O governador do Rio de Janeiro disse que a mudança afetará não apenas a Olimpíada e a Copa, como também inviabilizará o pagamento de aposentados e de dívidas contraídas pelo governo. “É a bancarrota do Estado”, disse o governador fluminense.

FNE na pauta de governadores

O governador Cid Gomes participa hoje da 16º Reunião Ordinária do Conselho Deliberativo da Sudene (Condel), que acontecerá às 15 horas, no Hotell Deville, Itapoã, em Salvador (BA) com a presença de governadores do Nordeste, de Minas Gerais e do Espírito Santo. Os Fundos de Desenvolvimento do Nordeste (FDNE) e Constitucional de Financiamento do Nordeste (FNE), além das ações de enfrentamento à estiagem serão os principais temas em pauta.

A abertura do evento contará com pronunciamentos da presidenta Dilma Rousseff; do ministro da Integração Nacional, Fernando Bezerra Coelho; e do governador da Bahia, Jaques Wagner. Estará em discussão proposição que trata de alterações da programação do FNE do exercício de 2012 relativas à exclusão da restrição a projetos de alta relevância e estruturantes; à flexibilização da distribuição do financiamento entre médio e grande porte; e à elevação das disponibilidades do Programa Emergencial para a Seca, em R$ 500 milhões, passando a disponibilidade total a R$ 1,5 bilhão.

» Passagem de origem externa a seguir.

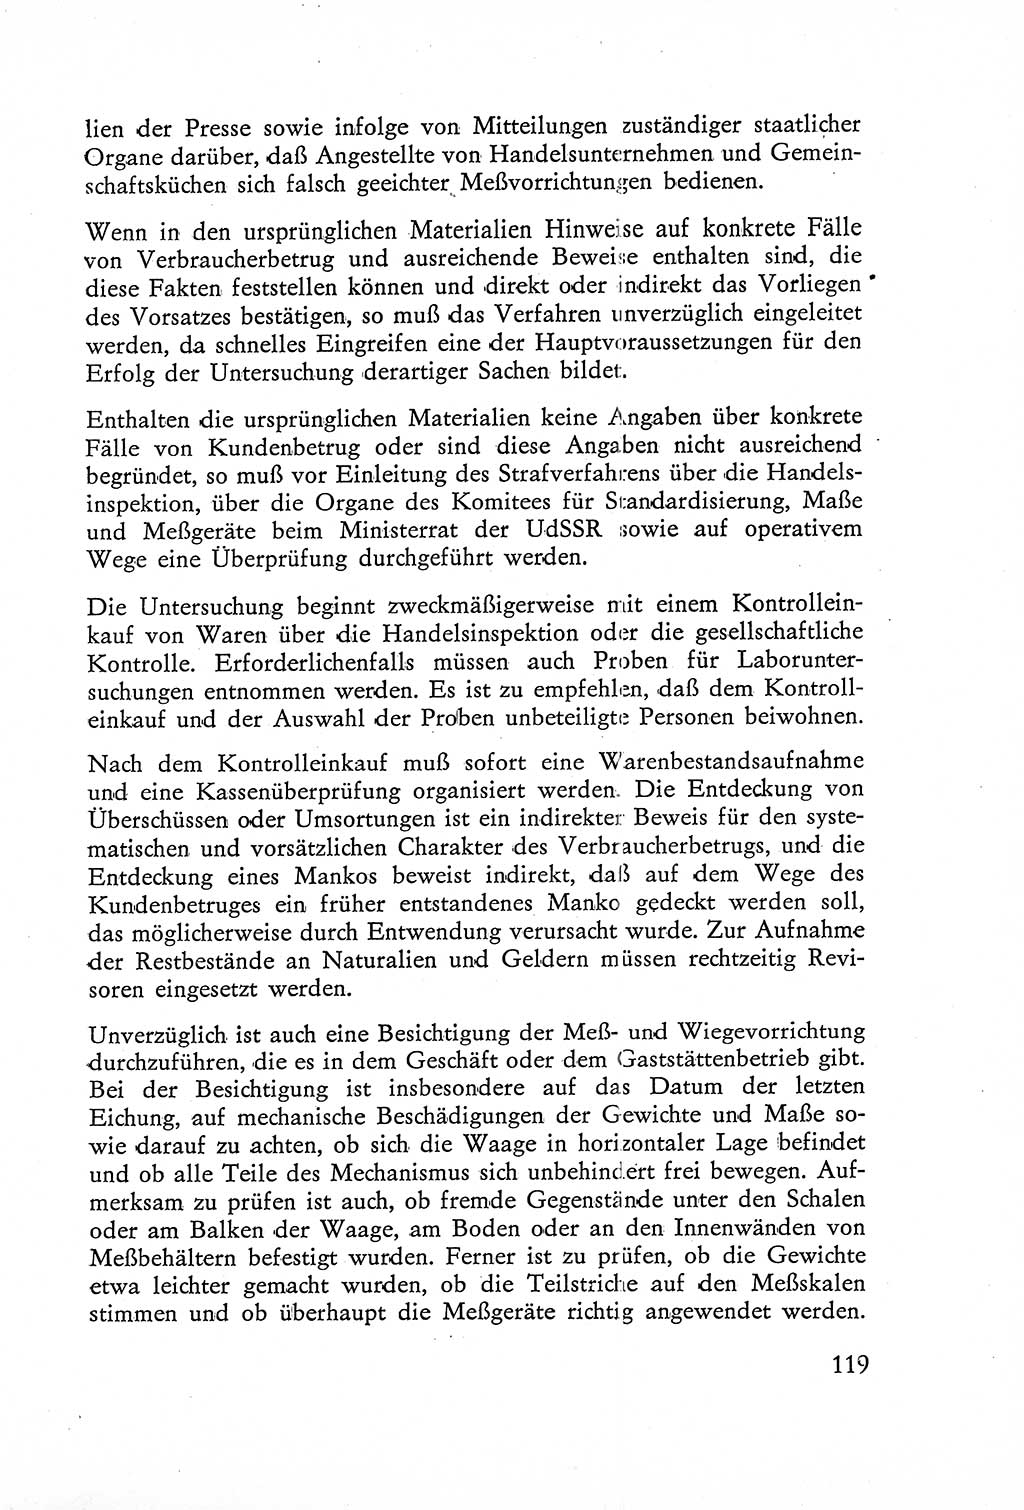 Die Untersuchung einzelner Verbrechensarten [Deutsche Demokratische Republik (DDR)] 1960, Seite 119 (Unters. Verbr.-Art. DDR 1960, S. 119)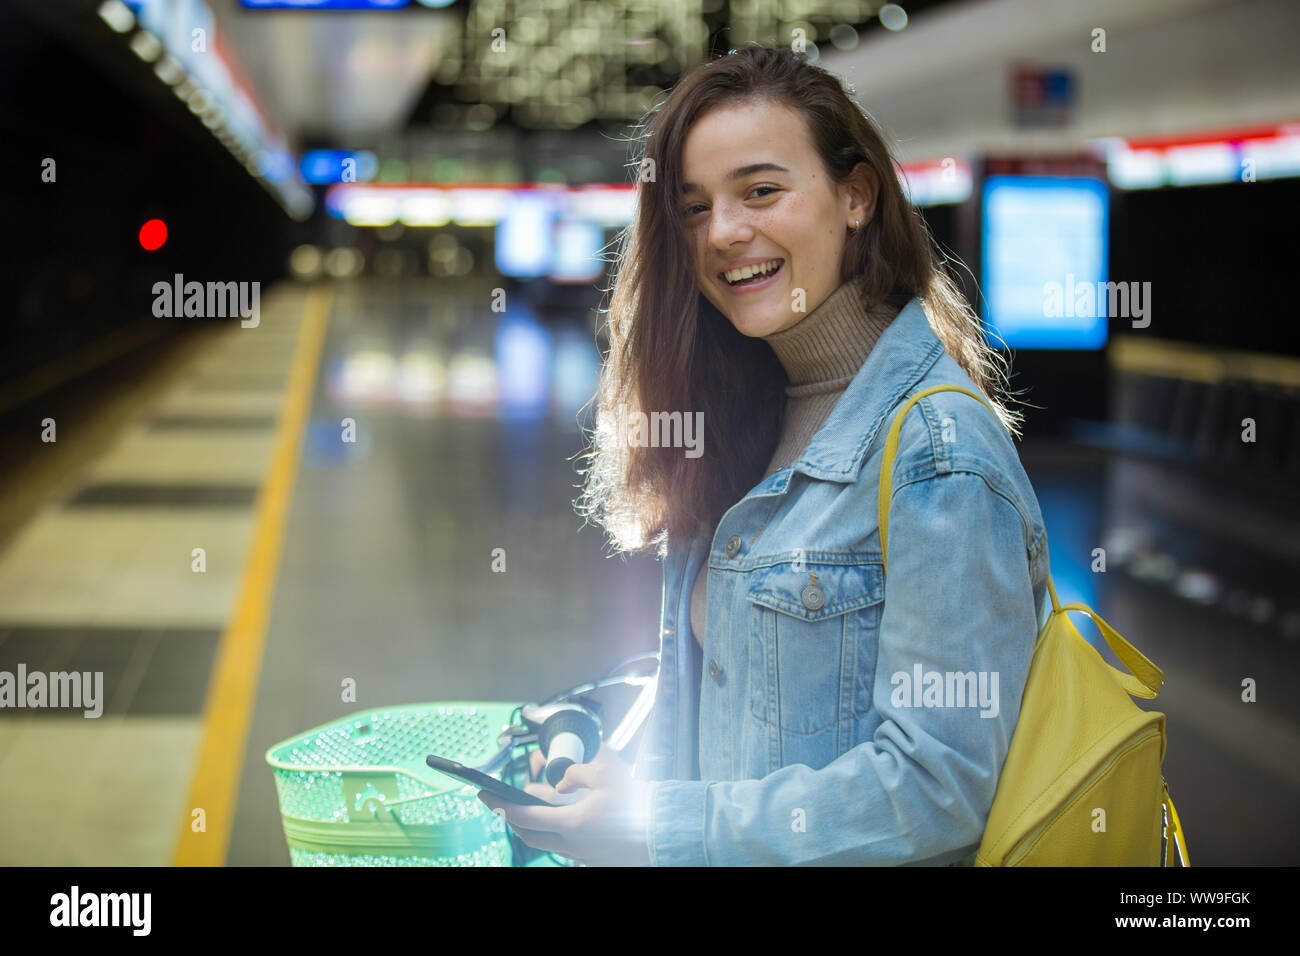 Adolescentes en jeans avec sac à dos jaune et vélo debout sur la station de métro, l'attente pour le train, sourire et rire. La station de métro futuriste Banque D'Images

Os conselheiros irão votar também proposições referentes ao Programa de Aplicação dos Recursos do FNE para o exercício de 2013; às prioridades para aplicação dos recursos do FDNE no exercício 2013; à regulamentação dos procedimentos operacionais para a aplicação de 1,5% dos recursos do FDNE para custeio de atividades em pesquisa, desenvolvimento e tecnologia de interesse do desenvolvimento; e aos novos ajustes na programação de 2012 do FNE, relativos à alocação adicional de recursos para os segmentos de agricultura e pecuária (FNE Rural) e ao FNE Comércio e Serviços.

Balanço

A pauta da reunião conta, ainda, com a votação para decidir sobre a inserção do presidente do BNDES no rol de integrantes do Condel. Haverá balanço das ações de enfrentamento à estiagem e a assinatura de termos de compromissos com os estados no âmbito do PAC-Seca.